# PLAID Crazy Fishing Contest"Extended till the 23rd midnight"



## ihavenoideawhattoput (Aug 12, 2010)

Prize: CUSTOM: Single or Two/color boat number decals.... I will take care of the cost of shipping it to the winner.

To win you must catch a fish While wearing *PLAID* Judging will be based on the size of the fish and the amount and color of *PLAID* you are wearing at the time of catching the fish. The smallest fish could win if your wearing some crazy *PLAID* combo at the time.

The judging will be done by the members with a poll.

Rules:

1. Must have made at least 10 legitamate posts in the past month.

2. Your MUST be wearing *PLAID*....Photo's must be taken of you and the fish either on the boat in the water or on the dock.

3. This will start August 13, 2010 and end August 23, 2010.

4. All Moderator's and Jim also can get in on this.

Lets see how this works!


----------



## Jim (Aug 12, 2010)

:LOL2: 

AWESOME! :beer:

Thanks for doing this! =D>

And for those wondering why and how this contest came about, you need to read this thread: https://www.tinboats.net/forum/viewtopic.php?f=2&t=15201


Plaid Crazy King?
Time to raise it up a notch! The winner be getting some fancy new custom Boat Stickers for your boat, But I asked If I could throw in a couple of more things to make it a little more interesting. Not only will the winner be getting a custom TinBoats.net Spinnerbait, they will also be getting a only one, in existence custom Trophy with their name on it Plaid Crazy contest winner Trophy. You will be featured on the homepage wearing your plaid, holding your trophy!

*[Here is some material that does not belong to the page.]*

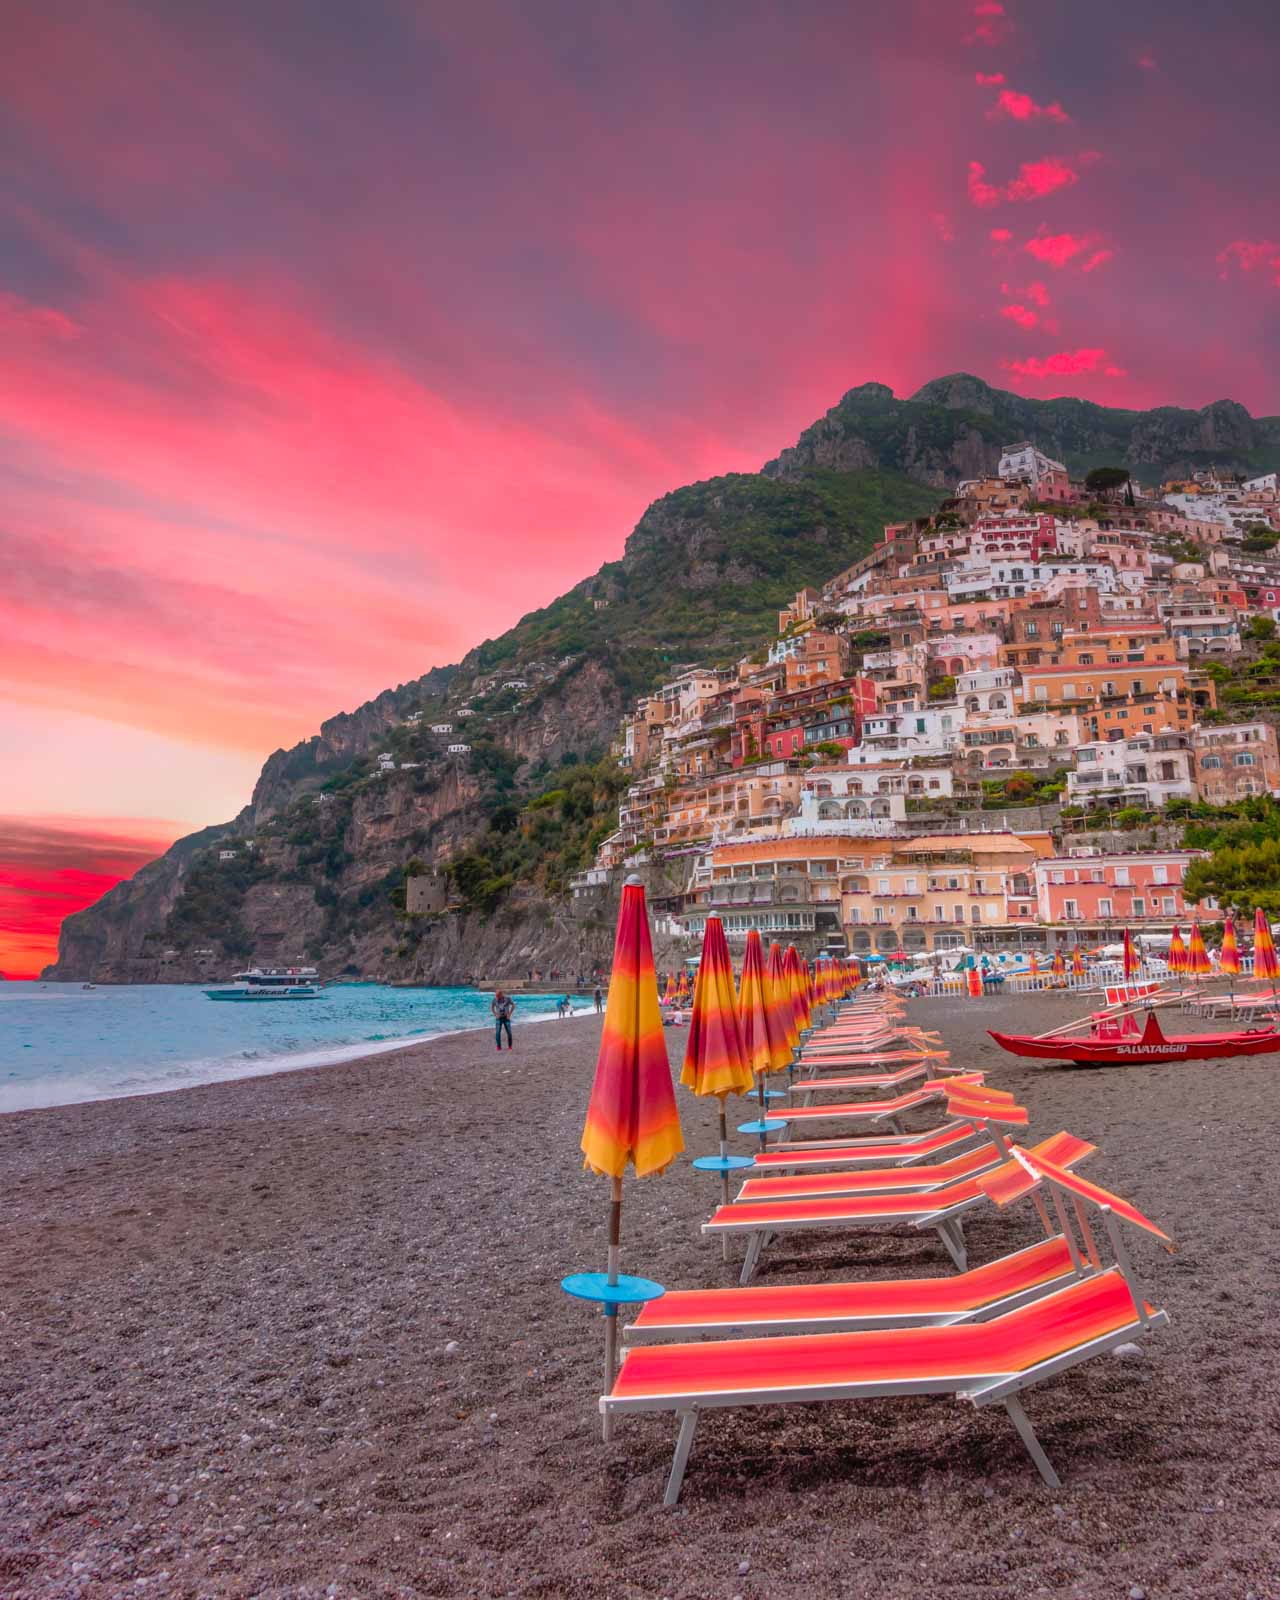 Hotels in Positano Amalfi Coast

You will be the envy of all the other TinBoaters. :LOL2:


----------



## nathanielrthomas (Aug 12, 2010)

Askin me to wear plaid is one thing, but askin me to wear plaid and catch panfish is double trouble. Throw a real species in there like bass and Ill participate. I say just catch of the day while wearing plaid. Best pic wins by voting. I think we'll get a lot more participants that way. I really want those decals. Thanks


----------



## perchin (Aug 12, 2010)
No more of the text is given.